Tutorial 1: Corpora and Vector Spaces


In [0]:
!pip install gensim



In [0]:
import logging
logging.basicConfig(format='%(asctime)s : %(levelname)s : %(message)s', level=logging.INFO)

In [0]:
from gensim import corpora


2019-12-25 06:18:53,827 : INFO : 'pattern' package not found; tag filters are not available for English


In [0]:
documents = ["Human machine interface for lab abc computer applications",
             "A survey of user opinion of computer system response time",
             "The EPS user interface management system",
             "System and human system engineering testing of EPS",              
             "Relation of user perceived response time to error measurement",
             "The generation of random binary unordered trees",
             "The intersection graph of paths in trees",
             "Graph minors IV Widths of trees and well quasi ordering",
             "Graph minors A survey"]

In [0]:
# remove common words and tokenize
stoplist = set('for a of the and to in'.split())
texts = [[word for word in document.lower().split() if word not in stoplist]
         for document in documents]

# remove words that appear only once
from collections import defaultdict
frequency = defaultdict(int)
for text in texts:
    for token in text:
        frequency[token] += 1

texts = [[token for token in text if frequency[token] > 1] for text in texts]

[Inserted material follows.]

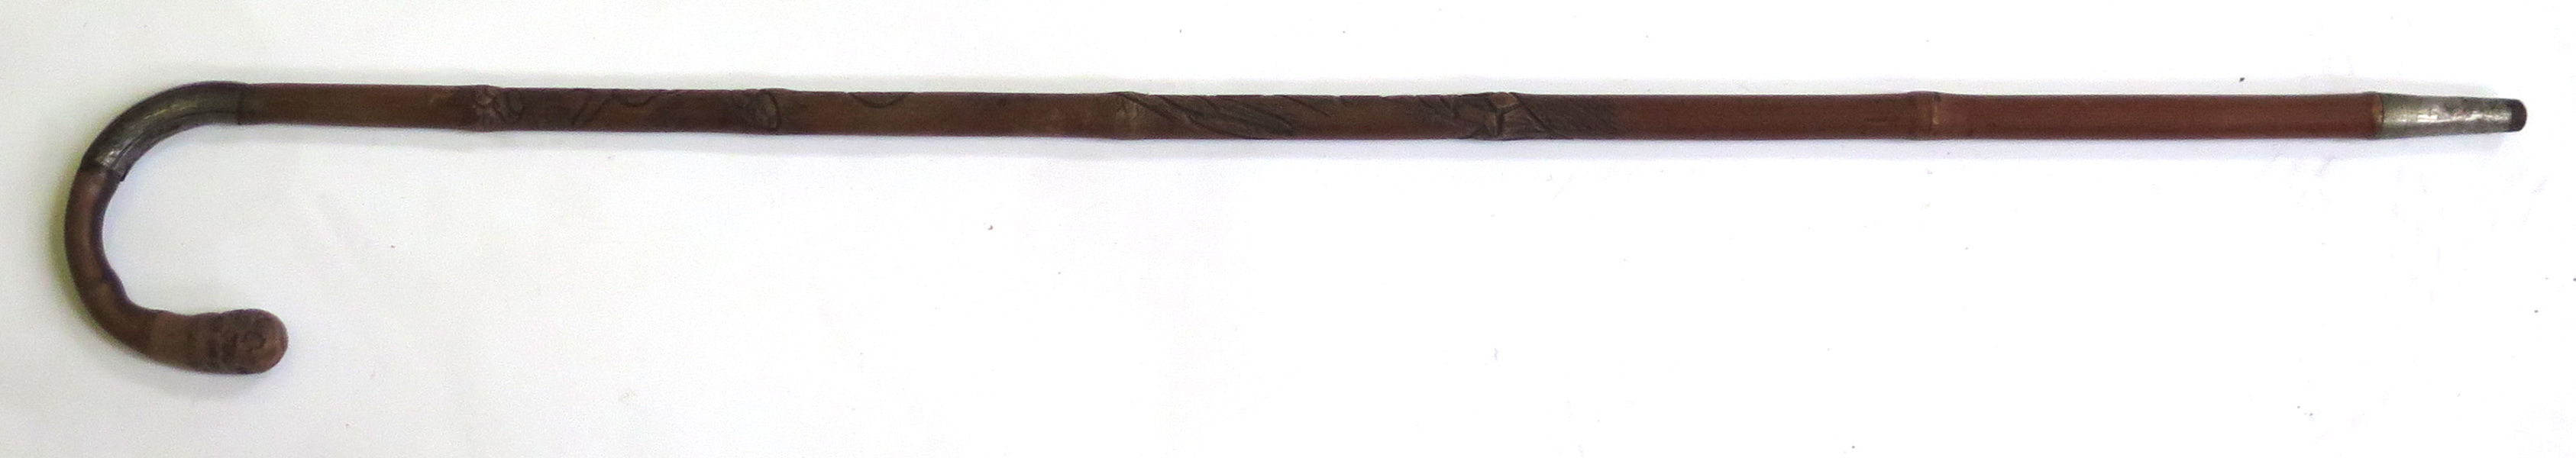 Käpp, bambu med silver(?)montage, antagligen Kina, sekelskiftet 1900,_13001a_lg.jpeg
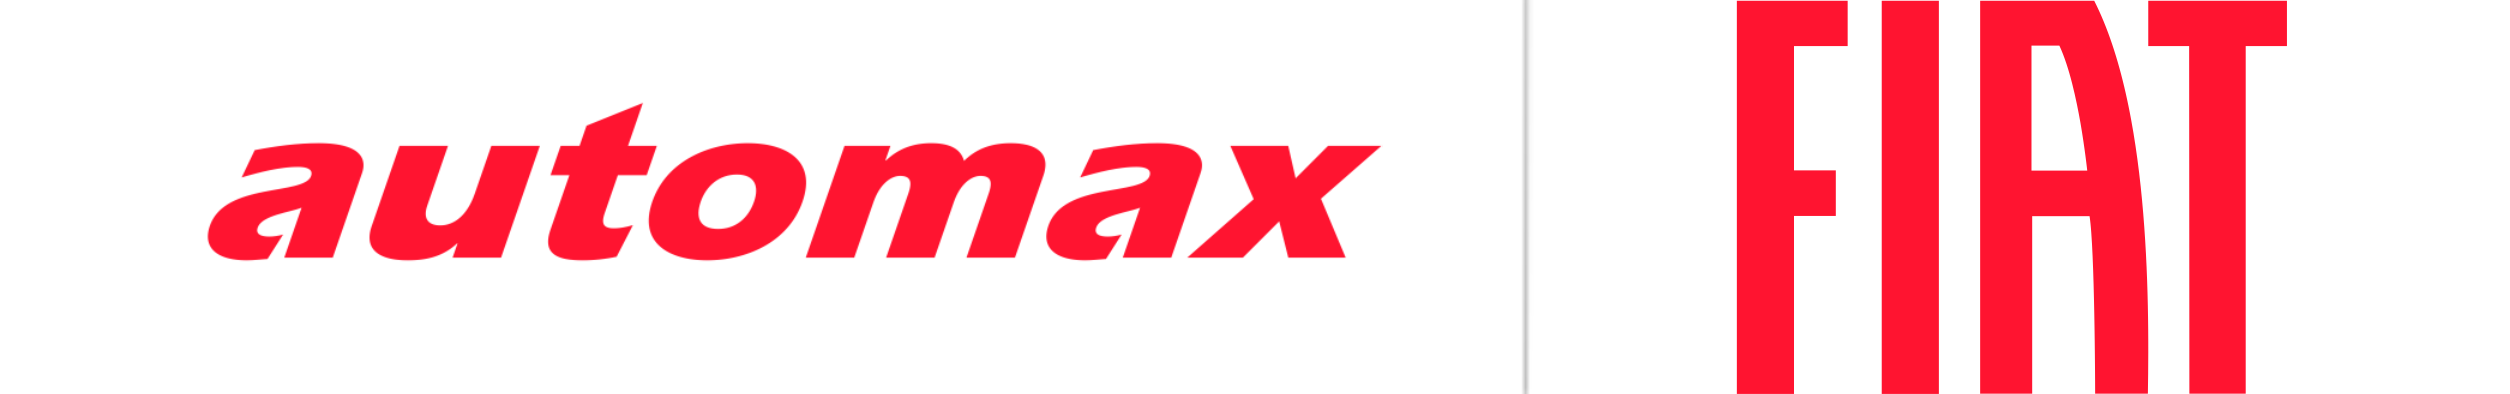 pic-logo-automax-fiat

from pprint import pprint  # pretty-printer
pprint(texts)


[['human', 'interface', 'computer'],
 ['survey', 'user', 'computer', 'system', 'response', 'time'],
 ['eps', 'user', 'interface', 'system'],
 ['system', 'human', 'system', 'eps'],
 ['user', 'response', 'time'],
 ['trees'],
 ['graph', 'trees'],
 ['graph', 'minors', 'trees'],
 ['graph', 'minors', 'survey']]


In [0]:
import os
import tempfile
TEMP_FOLDER = tempfile.gettempdir()
print('Folder "{}" will be used to save temporary dictionary and corpus.'.format(TEMP_FOLDER))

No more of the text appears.